In short, EANN, MVAE, SAFE, and MMCN exploit textual and visual data. Att-RNN and MFAN also consider social graph features. EANN and MVAE fuse multi-model data through a simple fusion mechanism. MMCN and MFAN adopt cross-modal fusion methods to obtain interaction features between different modalities. In SAFE, image and text mismatch features are considered. None of them consider the importance of text modality as our proposed model does, and our work integrates the above studies.

5.3 Implementation Details

This paper randomly divides the above two datasets into training, validation, and testing sets with a ratio of 7:1:2. Following the previous work, the CNN model, the pre-trained ResNet50, and SiGATs are adopted to encode textural, visual, and social graph features. The parameters of the base model of feature encoding we use are frozen. The input size of the images is set to 224 × 224. For ease of computation, the proposed model adds a fully connected layer to make the image and text feature dimensions consistent in the multi-model feature fusion module, i.e., both image and text feature dimensions are 300. The final results are averaged over ten experiments for a fair comparison. This paper chooses the best parameter configuration based on the performance of the proposed model. The optimal values of φ to construct the loss function are 0.5 and 0.9 in the Weibo and PHEME datasets, respectively. Adam optimizer is used for optimization and sets the number of attention heads in the multi-head self-attention mechanism to 8. Other parameter settings involved in the model are shown in Table 3. The accuracy, precision, recall, and F1 score evaluation metrics in evaluating are used to evaluate the performance of the proposed model.

images

5.4 Performance Comparison

In this section, the proposed model is compared with the above baselines based on single-model and multi-model to verify its effectiveness. Tables 4 and 5show the experimental results on the PHEME and Weibo datasets. It can be drawn the following conclusions:

images

images

(1) The experimental results of the two datasets show that TD-MMC outperforms all baseline models in terms of accuracy, precision, recall, and F1 score. Compared with the optimal baseline, the accuracy, F1, ACC, and AUC of TD-MMC have increased whether on the PHEME or Weibo datasets, with accuracy improving by 2.39% and 2.27%, respectively. It proves that our model can effectively capture important multi-model clues ignored by the existing methods of detecting fake news.

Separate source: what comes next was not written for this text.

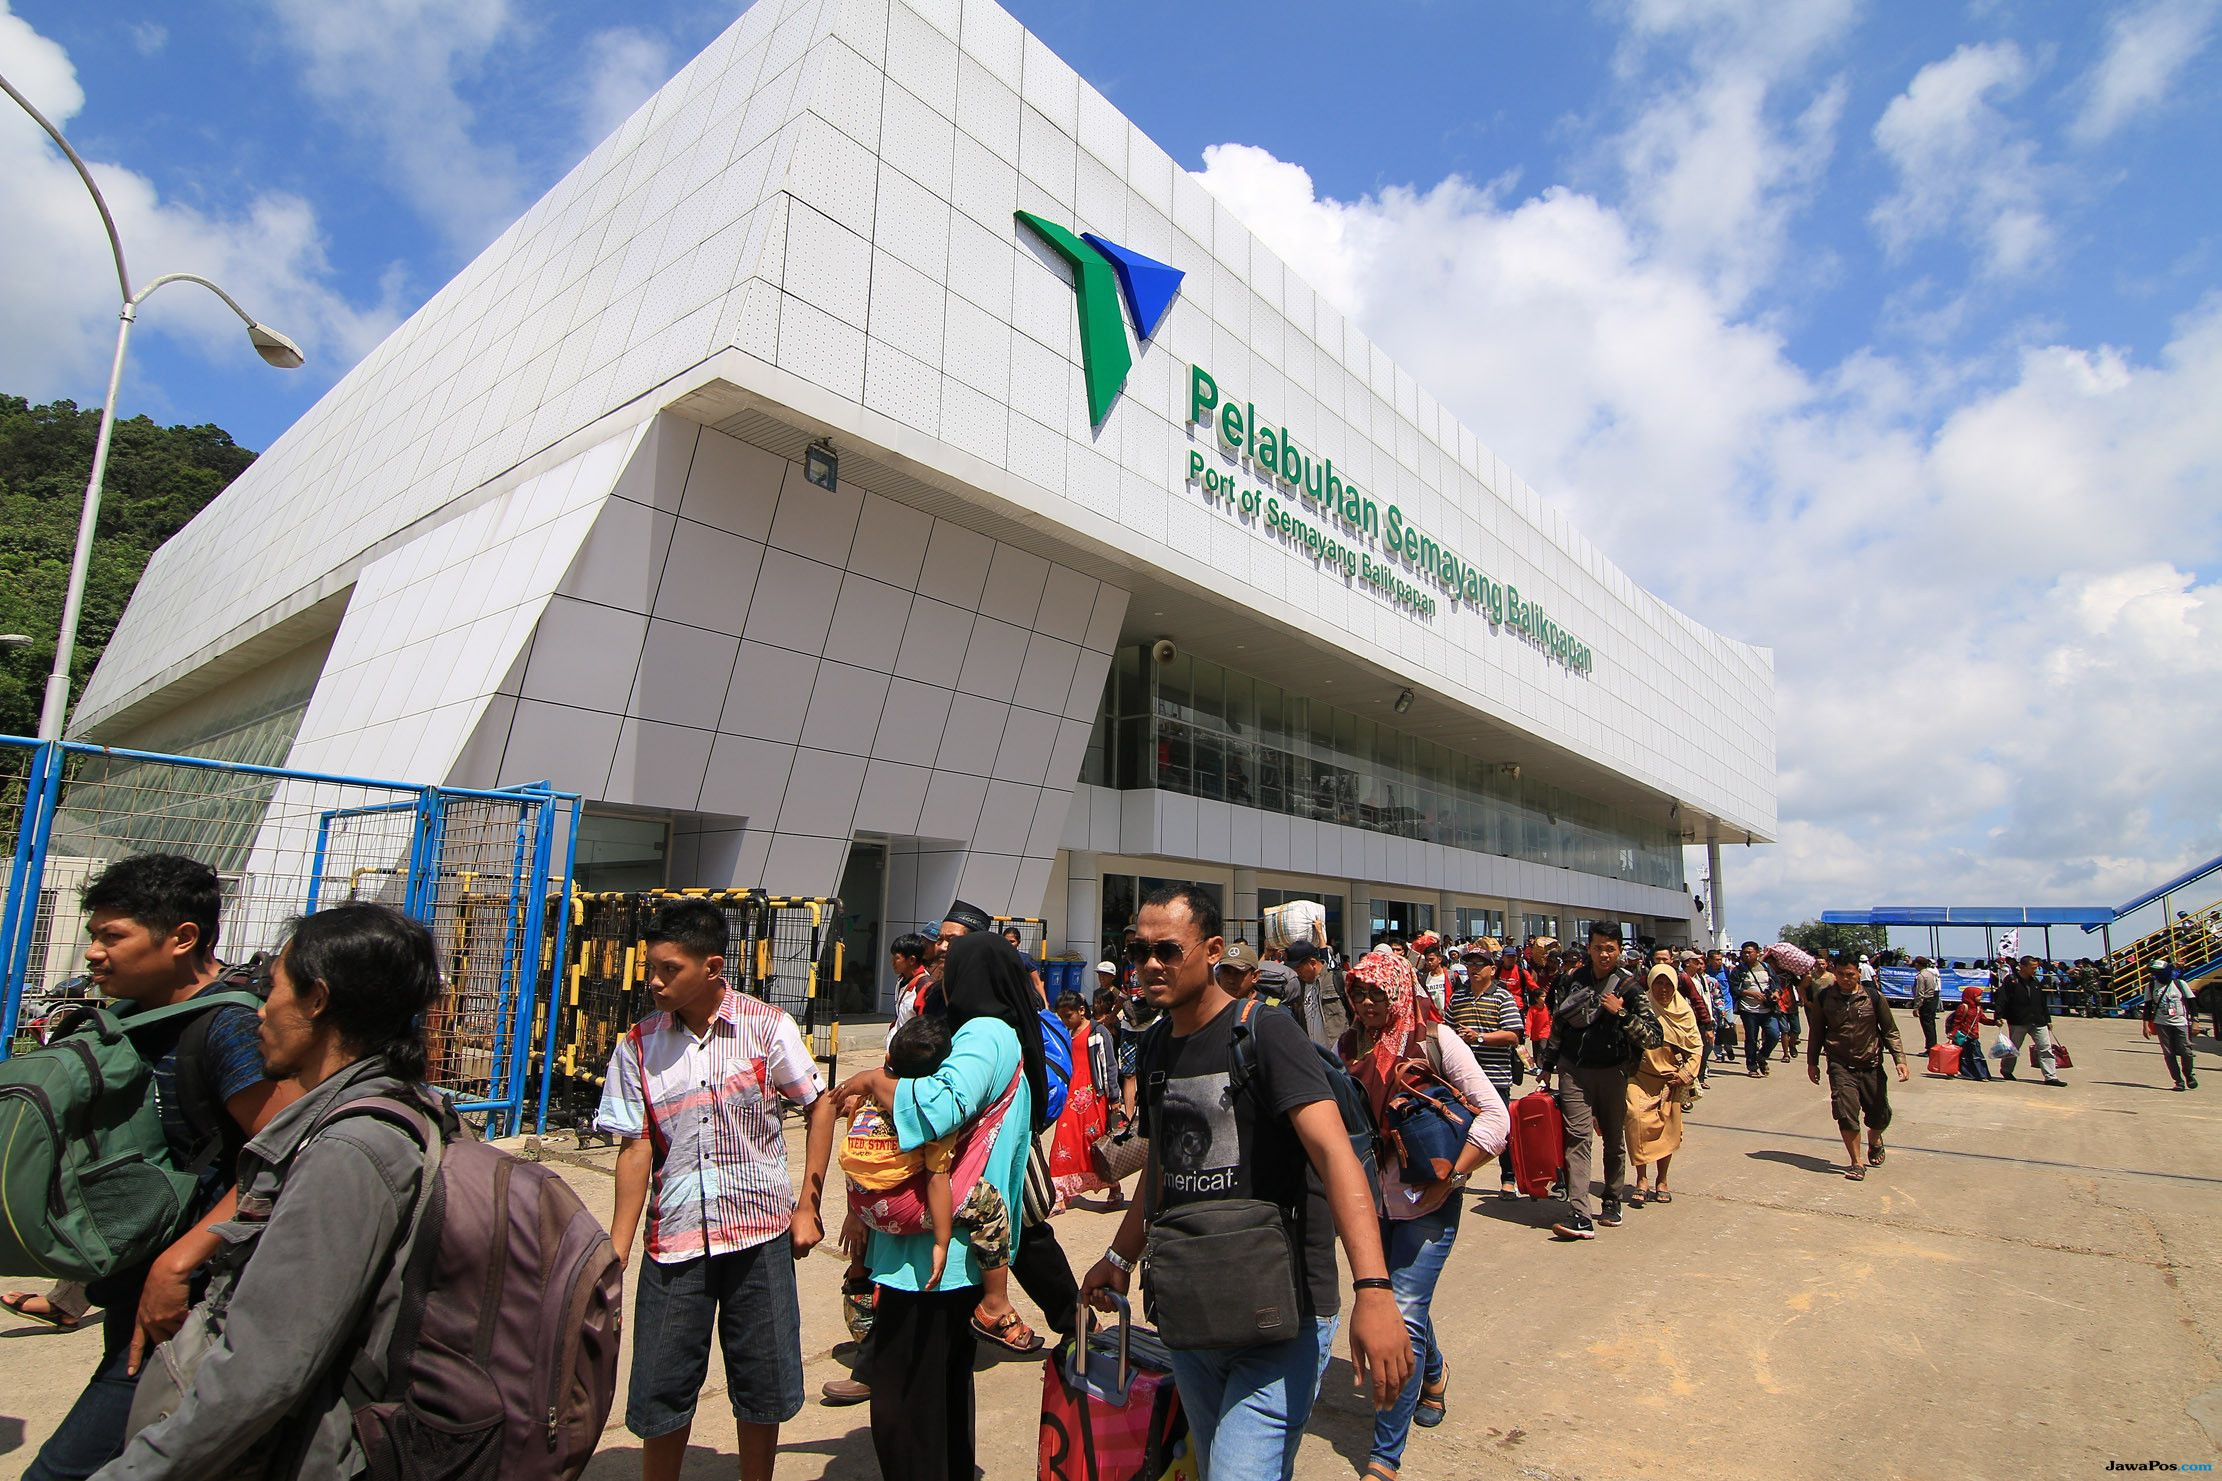 Antisipasi Penurunan Penumpang, Pelindo IV Siapkan Tiket Gratis

(2) For single-modal models, it can be seen that the results of Only-social graph and Only-text are better than Only-image, proving that textual content provides richer cues and is more important than images [3]. Noticeably, the Only-social graph performs better than the Only-text on the Weibo dataset, but the opposite result is observed on the PHEME dataset. The reason is that social network information can provide the background content of posts but also bring in noisy information.

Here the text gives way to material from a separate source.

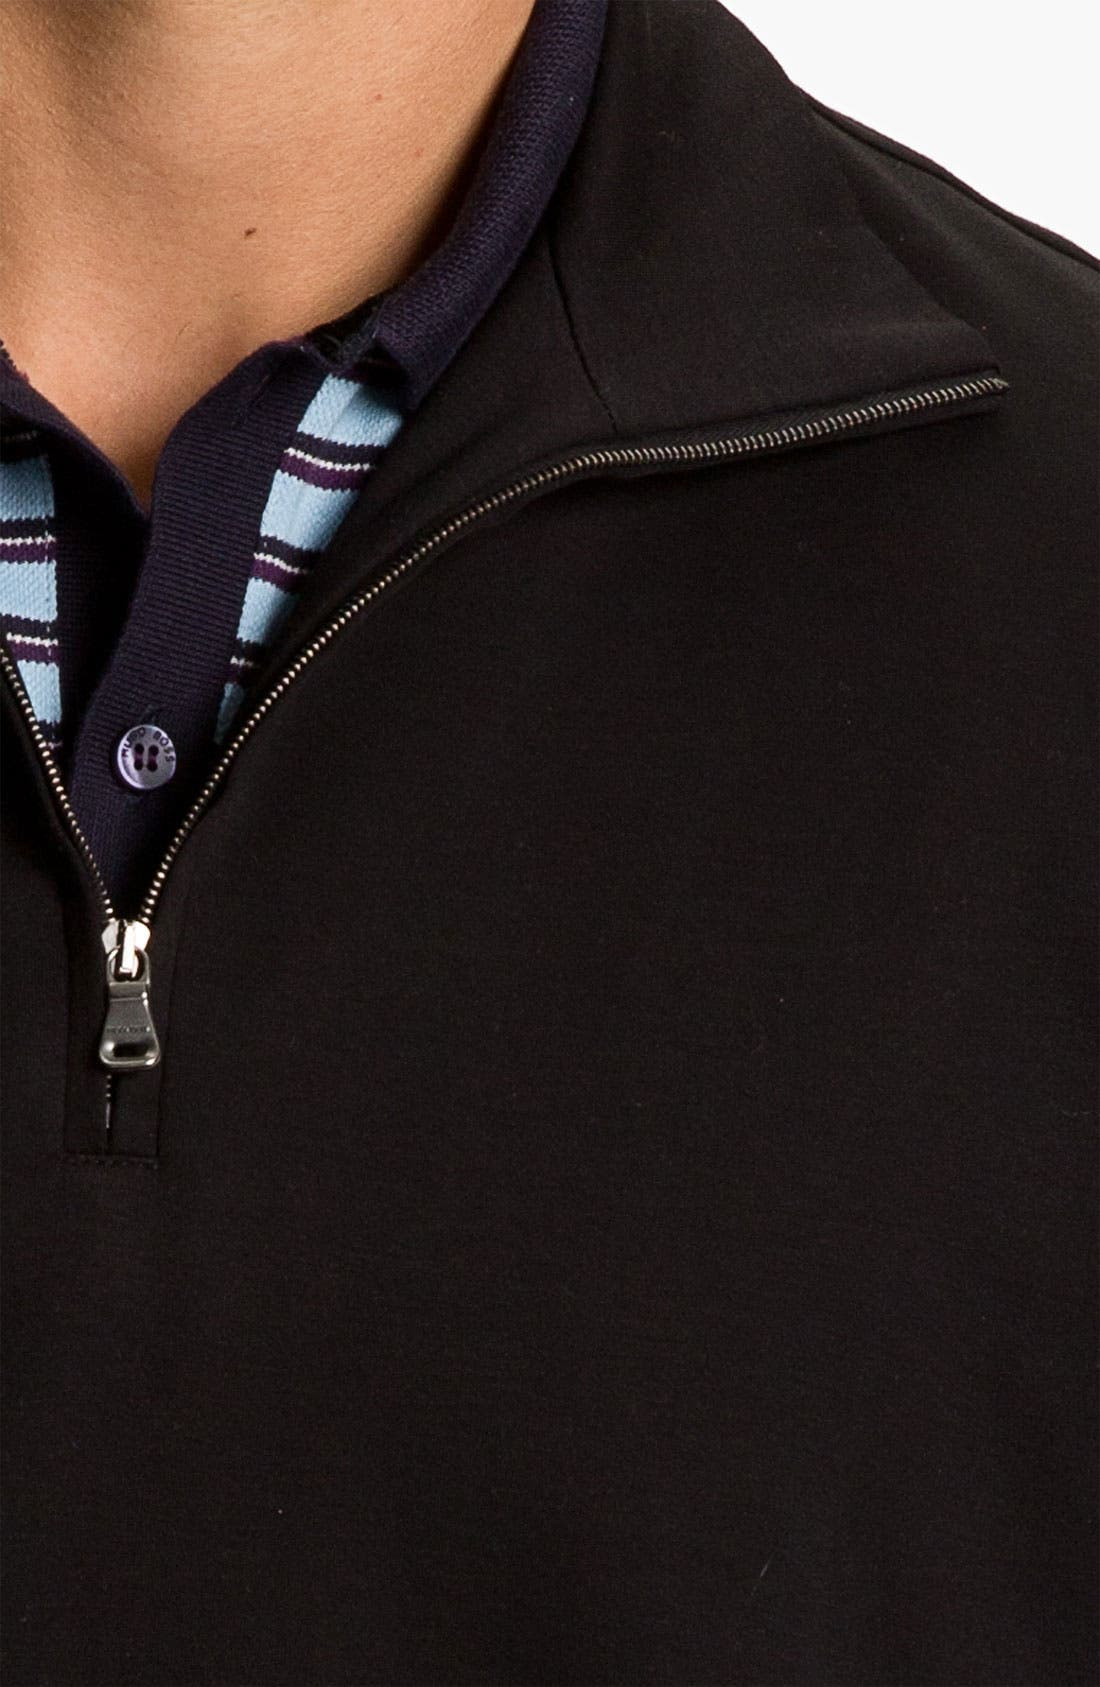 Black 'Padua' Quarter Zip Pullover,                             Alternate thumbnail 3, color,                             001

(3) When comparing single-model and multi-model methods, results show that the latter generally performs better than the former multi-model methods, indicating that multi-modal data can learn from each other to jointly detect fake news. However, EANN on the PHEME performs worse than the Only-text. The only social graph outperforms Att-RNN and MVAE on the Weibo dataset. These results show that simply fusing each modal feature only leads to accumulating irrelevant information and reduces the fake news classification performance.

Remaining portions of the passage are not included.